Durante o curso de graduação, então, Spínola teve a ideia de desenvolver um aplicativo para auxiliar pessoas com variações de daltonismo e minimizar os efeitos da doença na vida das pessoas. O mecanismo de funcionamento consiste em amparar a ação de recognição de cores.
Os tipos mais comuns de daltonismo são protanopia (não é possível ver a cor vermelha), deuteranopia (não consegue ver o verde) e tritanopia (não vê o azul e o amarelo, e é o mais raro). No entanto, as noções de cores também são diferentes em cada indivíduo, ou seja, a percepção do vermelho, por exemplo, é diferente para cada pessoa com daltonismo.
PROJETO – O protótipo do aplicativo foi desenvolvido com base nas experiências do estudante. Além das partes técnicas de programação, a ferramenta também leva em conta o teste de Ishihara, utilizado para saber se a pessoa tem daltonismo e de que tipo. “Existem imagens que só uma pessoa ‘normal’ vê e o daltônico não. Tem imagens que só o daltônico vê e a pessoa ‘normal’ não enxerga. Tem imagens que só o daltônico com protanopia vê e os outros não. Tem imagens que só o daltônico com deuteranopia vê e os demais não”, explica Spínola.

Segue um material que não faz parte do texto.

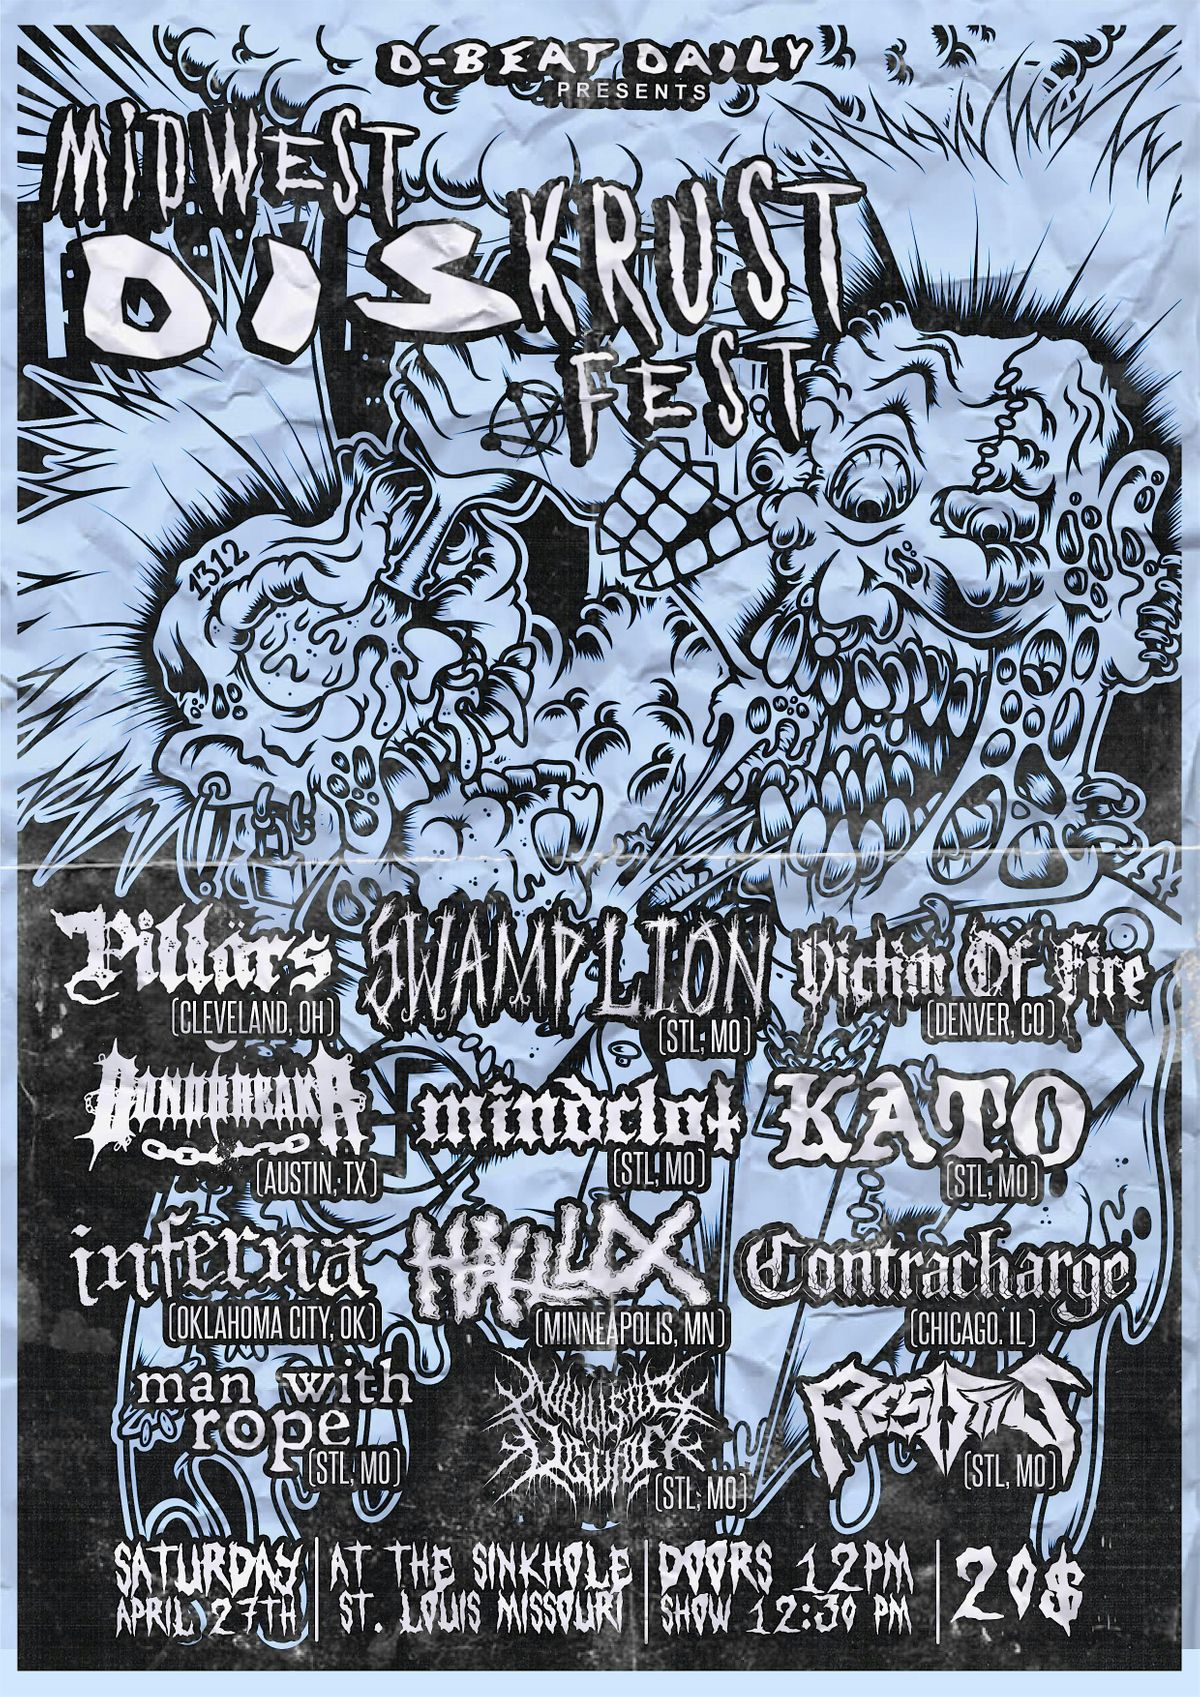 Midwest Diskrust Fest

O programa é mobile, isto é, voltado para dispositivo móvel, utilizado juntamente com a câmera do aparelho. De acordo com o professor, que orientou o trabalho de Spínola, “pode ser facilmente migrado para óculos inteligentes como o Google Glass”, ou seja, aquele equipamento que incorpora as funcionalidades de dispositivos de realidade aumentada em óculos tradicional.
Outra das vantagens do aplicativo é a personalização, que é feita na etapa inicial. Na primeira utilização, a pessoa realiza o teste de Ishihara, no qual serão mostradas simultaneamente 24 imagens cuja finalidade é reconhecer o tipo de daltonismo do usuário. A partir disso, o programa é configurado e adaptado para identificar as cores que o indivíduo não distingue, o que torna o aplicativo único para cada indivíduo.
Ponto alto da ferramenta também é a mudança na relação com o ambiente. “Ela permite a interação dinâmica”, comenta Vidal. Feita a adaptação personalizada, o aplicativo marca no visor os objetos que têm a cor não distinguível pelo usuário. Por exemplo: a pessoa não identifica a cor vermelha. Com auxílio do programa, ao filmar uma imagem que contenha objetos vermelhos, o programa delimita os objetos e informa a existência da cor que não é identificável ao indivíduo e as suas variáveis.
Como é recorrente a alternância de tonalidades, a alternativa encontrada foi adotar o padrão de cores da Comissão Internacional de Iluminação (CIE). Além disso, o software comunica as composições delas, informando a porcentagem presente em cada objeto sinalizado. De acordo com Vidal, as cores mudam conforme a iluminação do ambiente, e o aplicativo consegue perceber essas nuances e alertar a cor em cada local.
BENEFÍCIOS – Os dois condutores do projeto, professor e aluno, enfatizam o impacto social que o aplicativo pode oferecer. “Imagine que o daltônico não se engane com atividades do cotidiano, como pegar um talão de cheque. Pense no dia a dia, no supermercado. Um exemplo simples: o biscoito que ele gosta muda de embalagem. Como identificar esse biscoito?”, indaga o docente.
O professor volta os estudos para aplicações que envolvam rastreamento e análise de movimento em imagens, campo que, segundo ele, “é um dos mais conceituados por grandes empresas como Facebook e Microsoft, pois tem chamado muita atenção do mercado para o que pode ser feito em diversas áreas, tais como segurança, automação, análise de dados, entre outras”.
Hoje, a intenção do docente é ampliar essa tecnologia de forma que atenda também a outros tipos de restrições visuais. E, para isso, ele busca mais estudantes que tenham interesse em participar da realização do projeto.
Mesmo com impacto positivo, avanços e diferenciais em relação a outras soluções, o protótipo ainda está sem financiadores. “Estamos procurando parcerias para continuar com o projeto”, diz Vidal, que ressalta que esse é um mercado com ampla margem de crescimento.